## Your assignment
Give again, unaltered, the line with "Naturtint Permanent Hair" and all lines that follow it in the listing below, minus any pictures.

## Recorded data
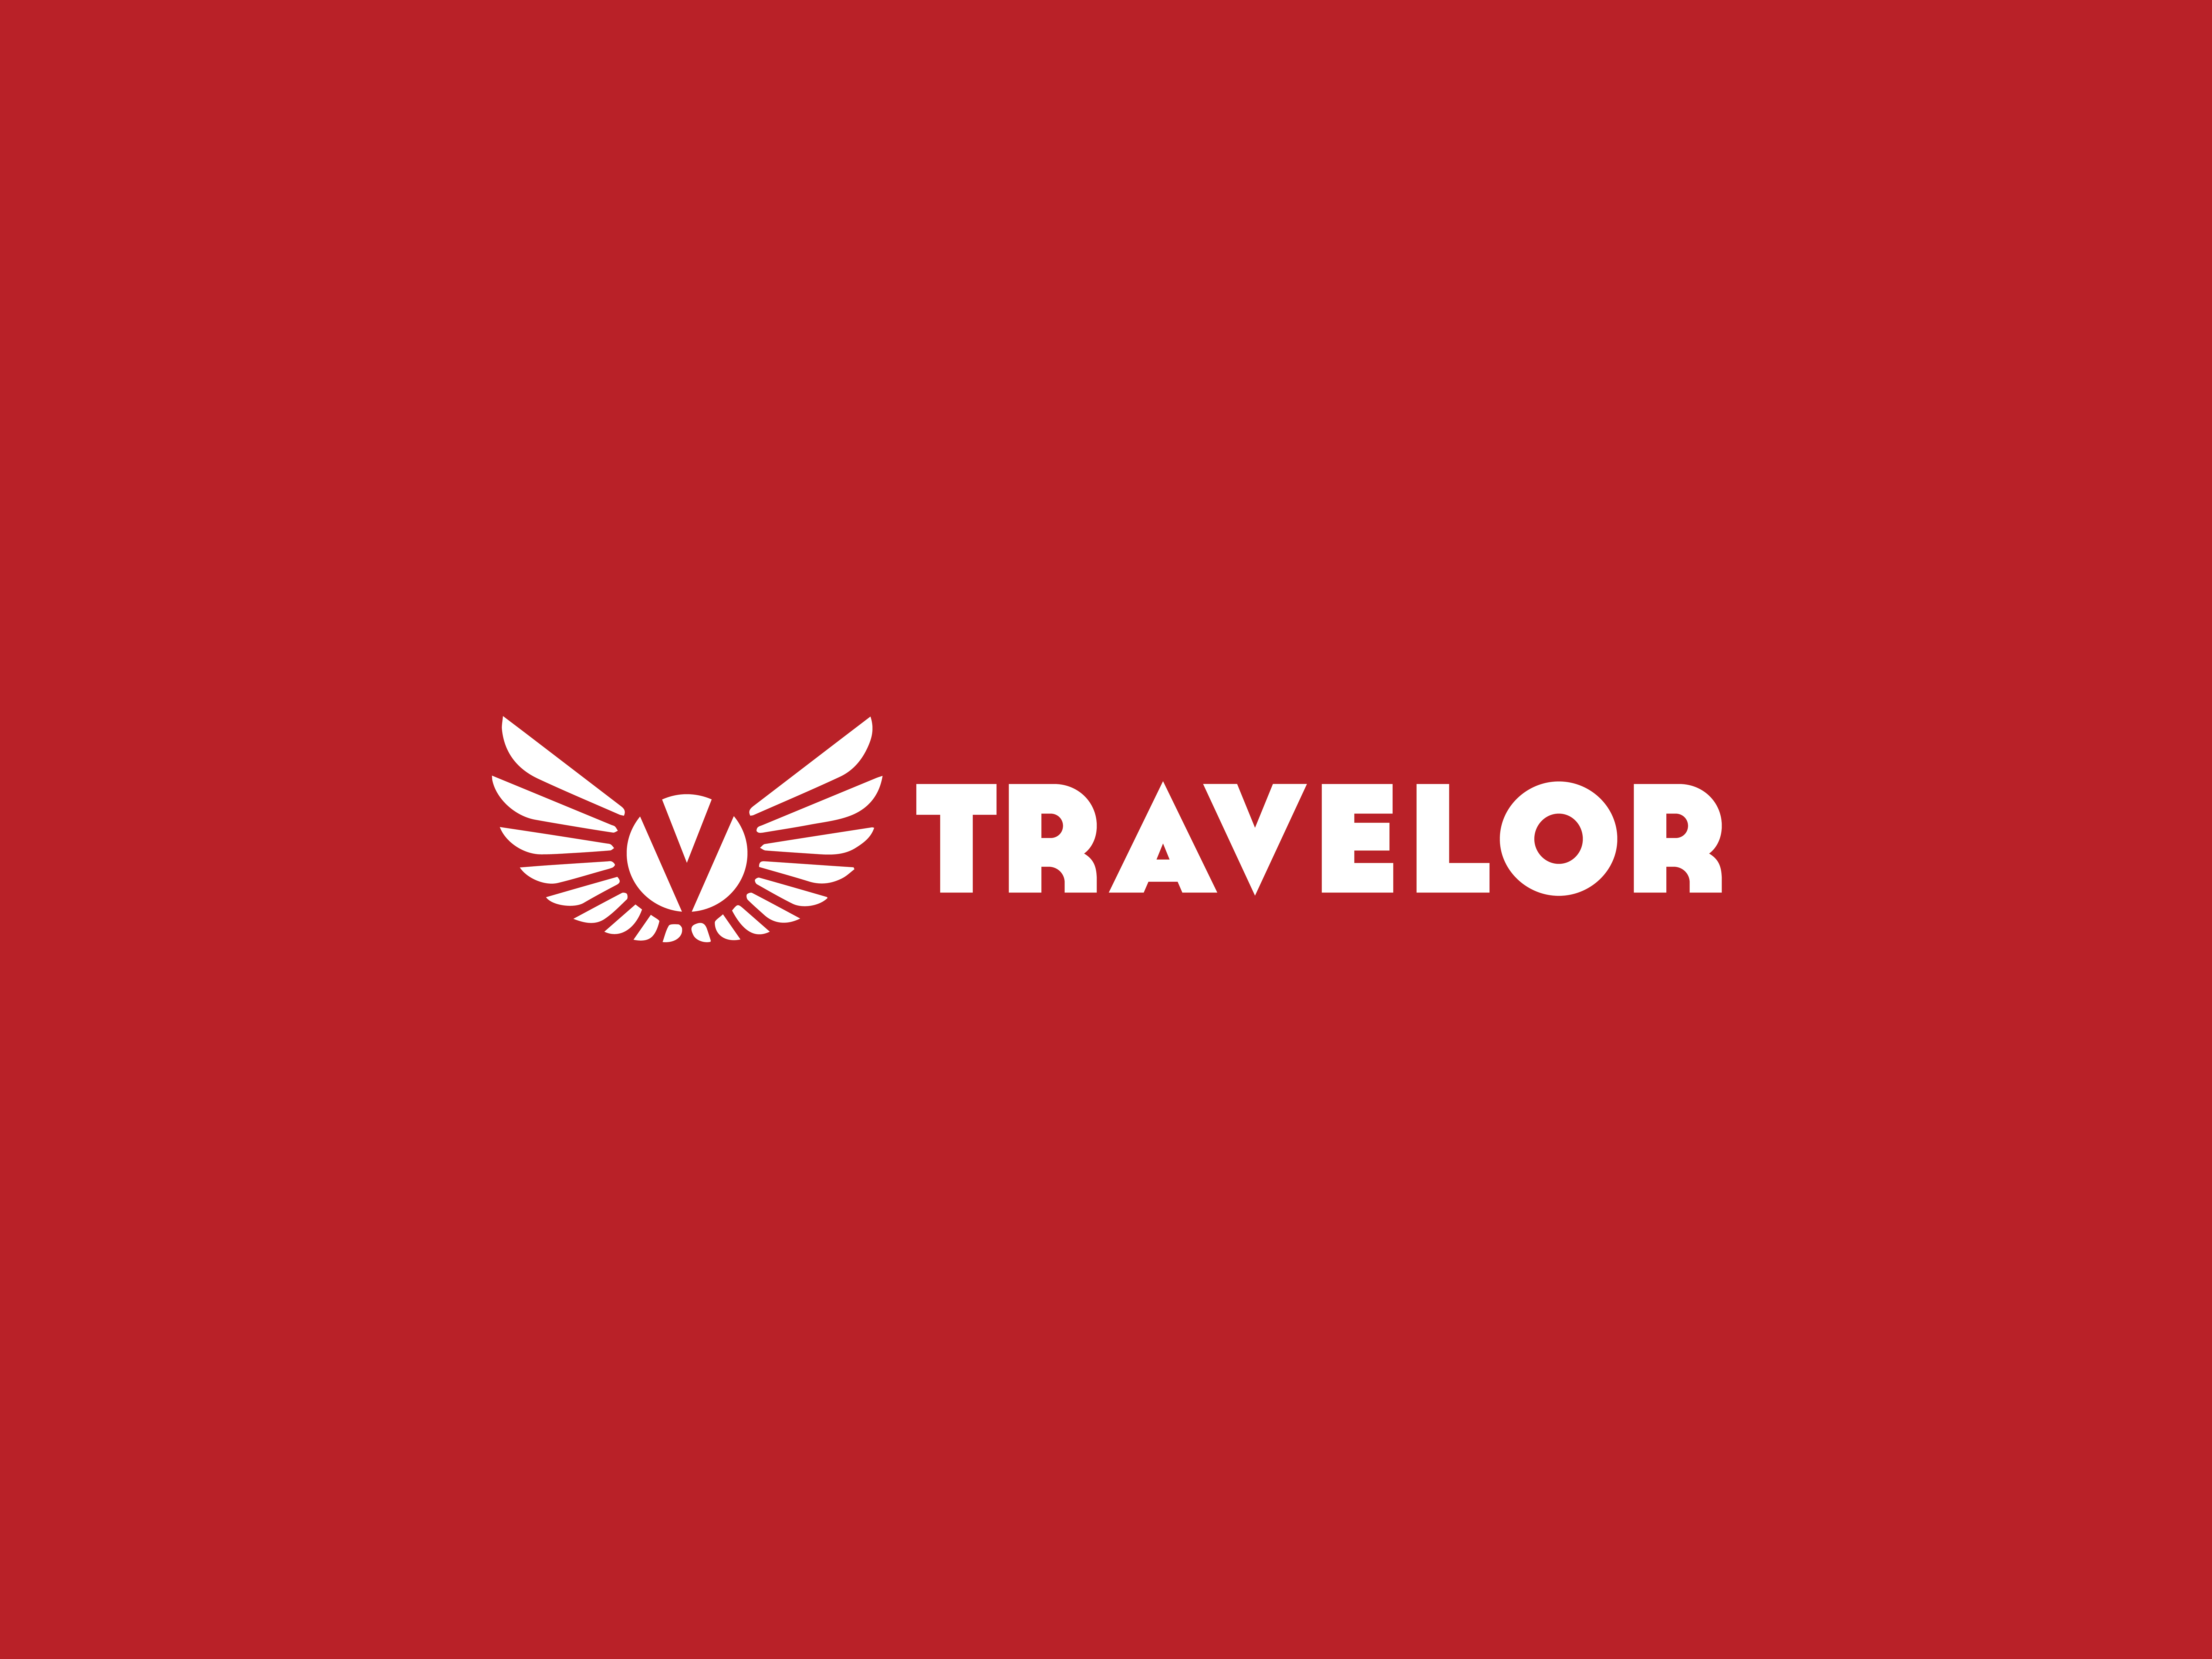 TRAVELOR logo
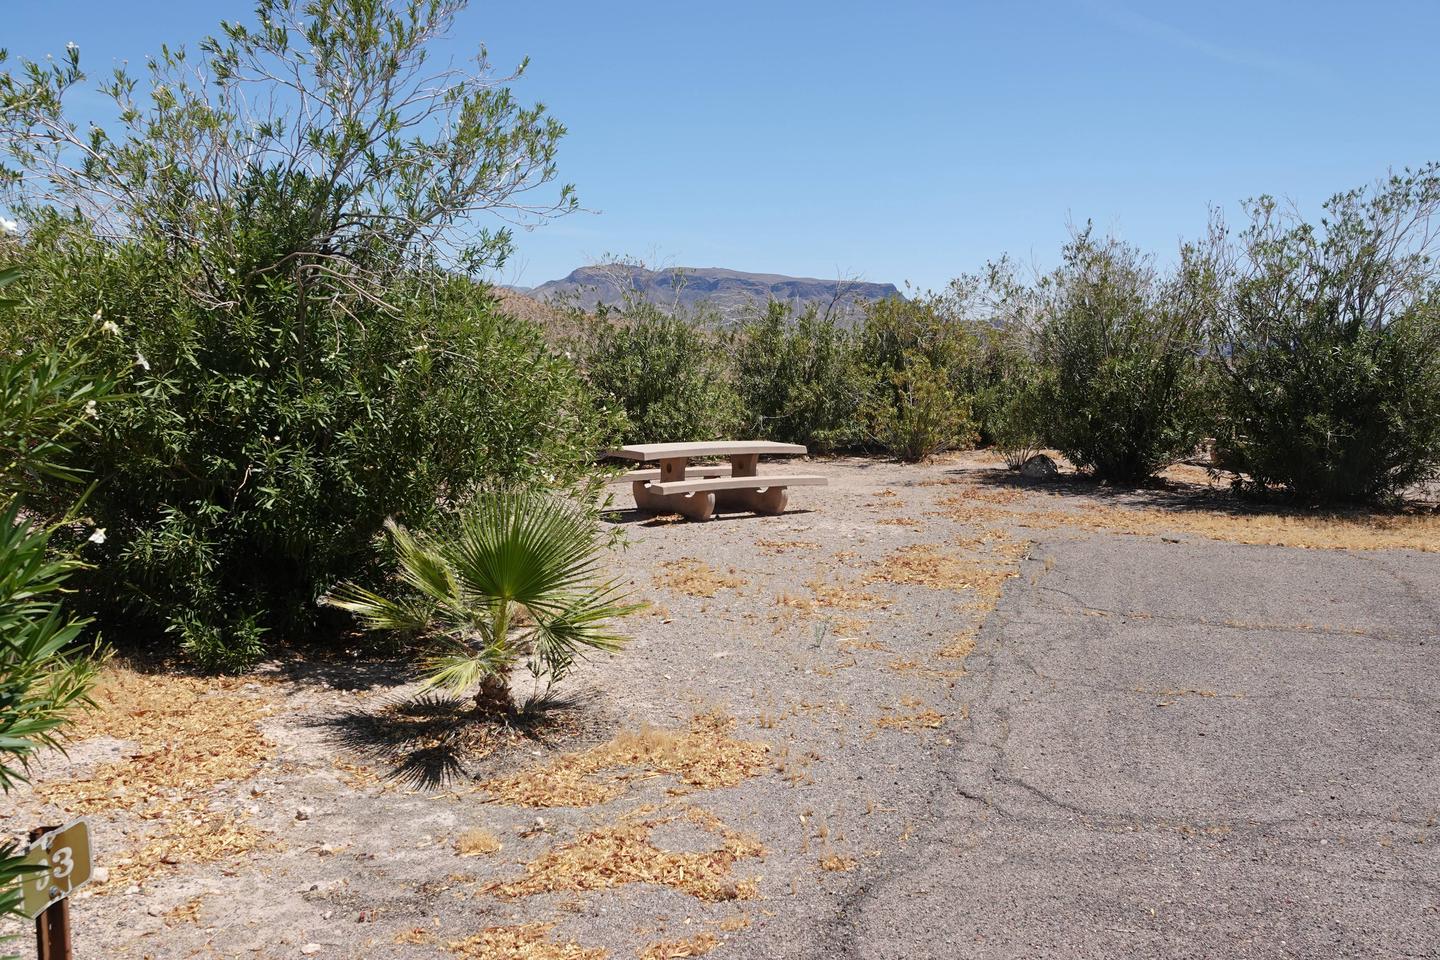 Campsite located in a desert setting1Callville Bay Campground Site 33
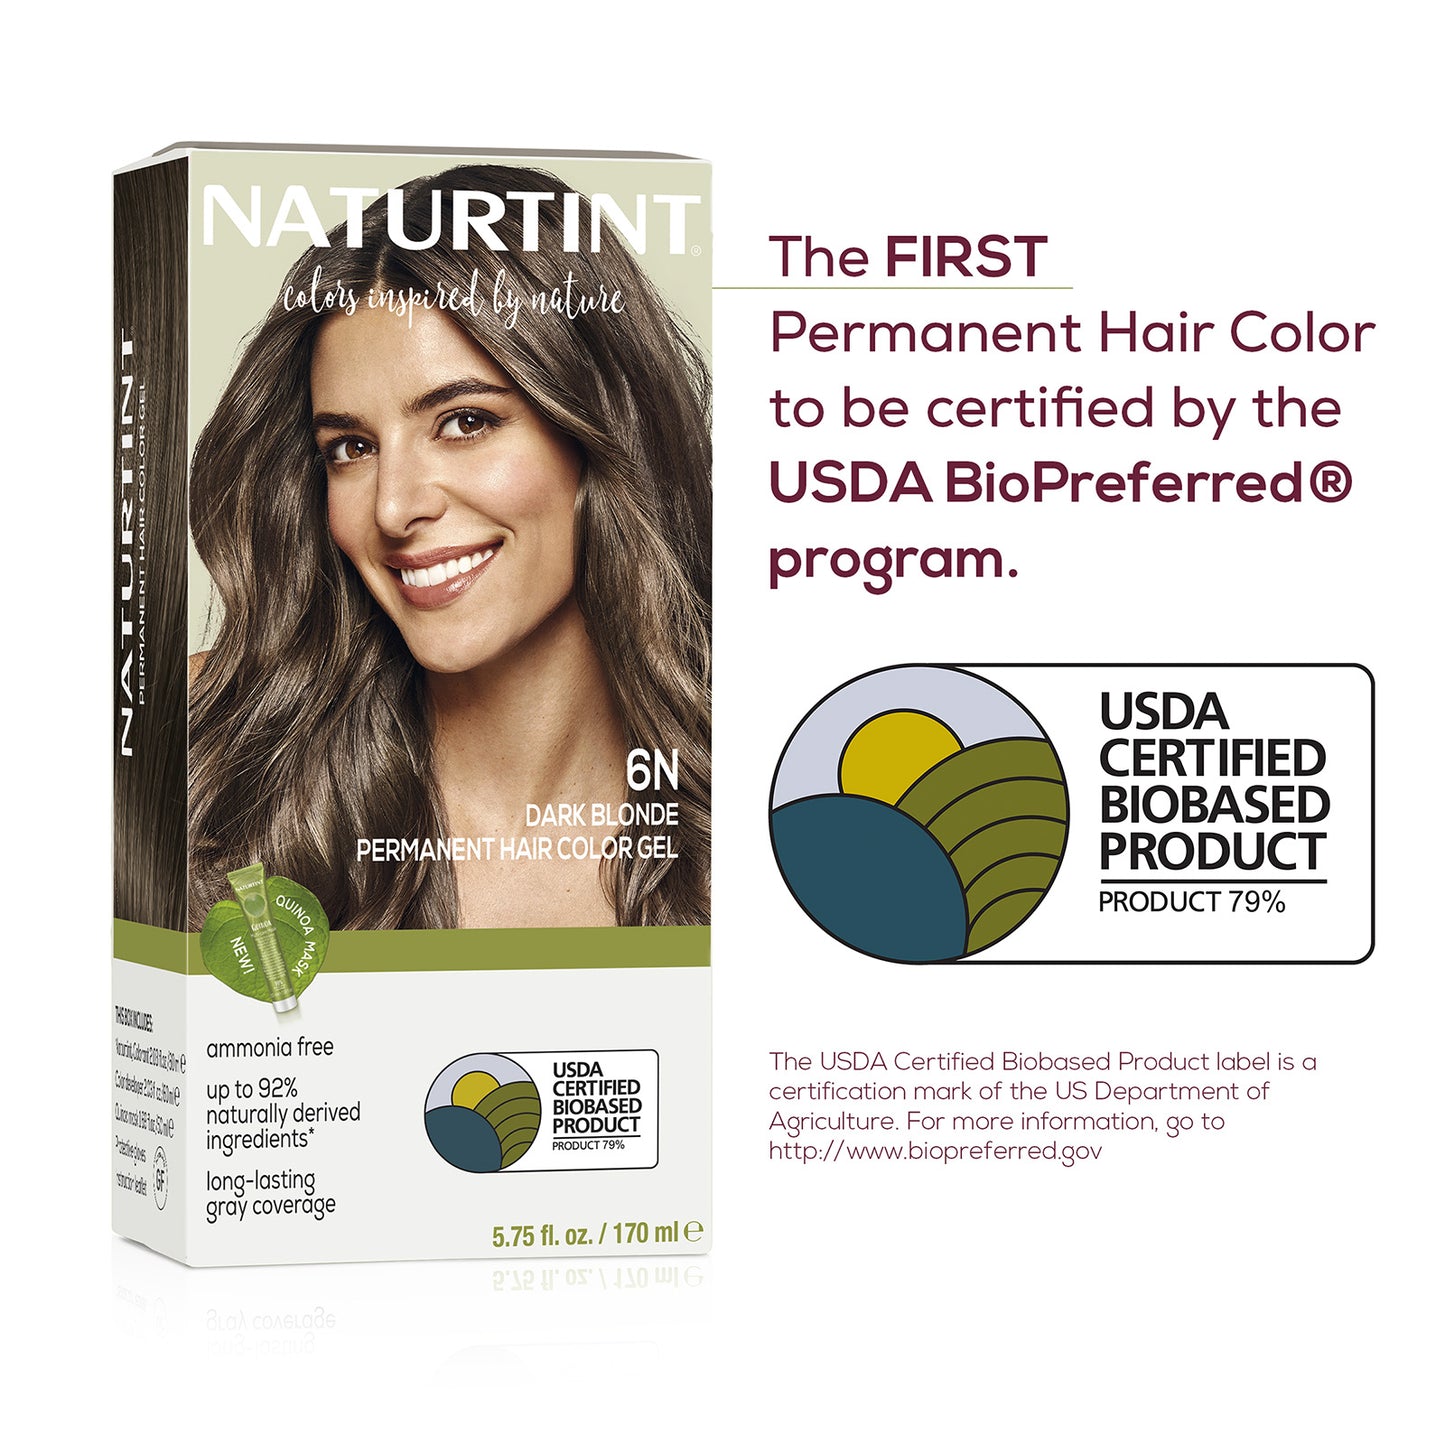 Naturtint Permanent Hair Color 6N Dark Blonde (Packaging may vary)
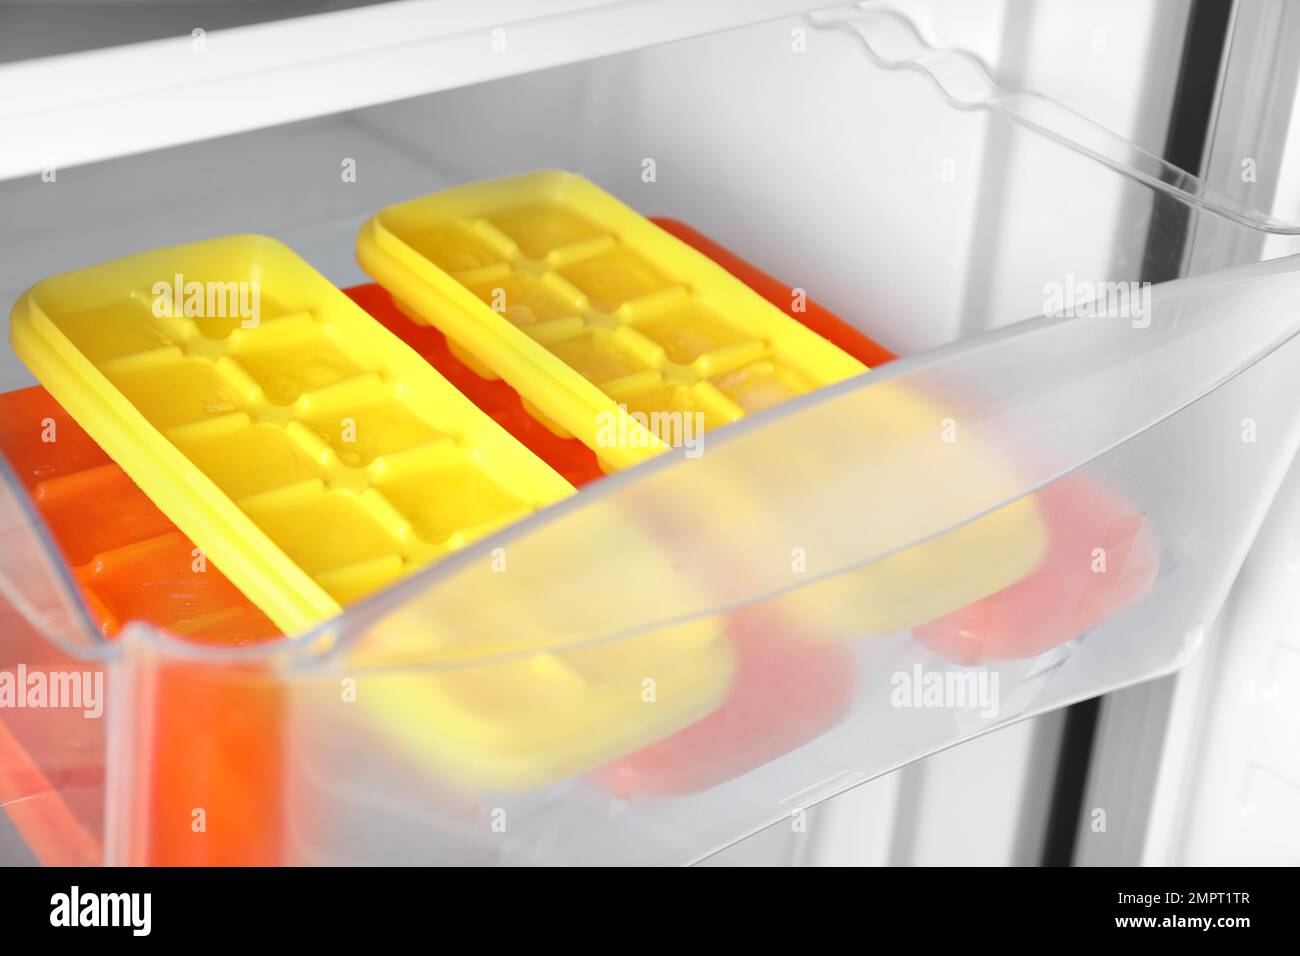 https://c8.alamy.com/comp/2MPT1TR/different-plastic-ice-cube-trays-in-fridge-2MPT1TR.jpg

## The answer
 Naturtint Permanent Hair Color 6N Dark Blonde (Packaging may vary)
 https://c8.alamy.com/comp/2MPT1TR/different-plastic-ice-cube-trays-in-fridge-2MPT1TR.jpg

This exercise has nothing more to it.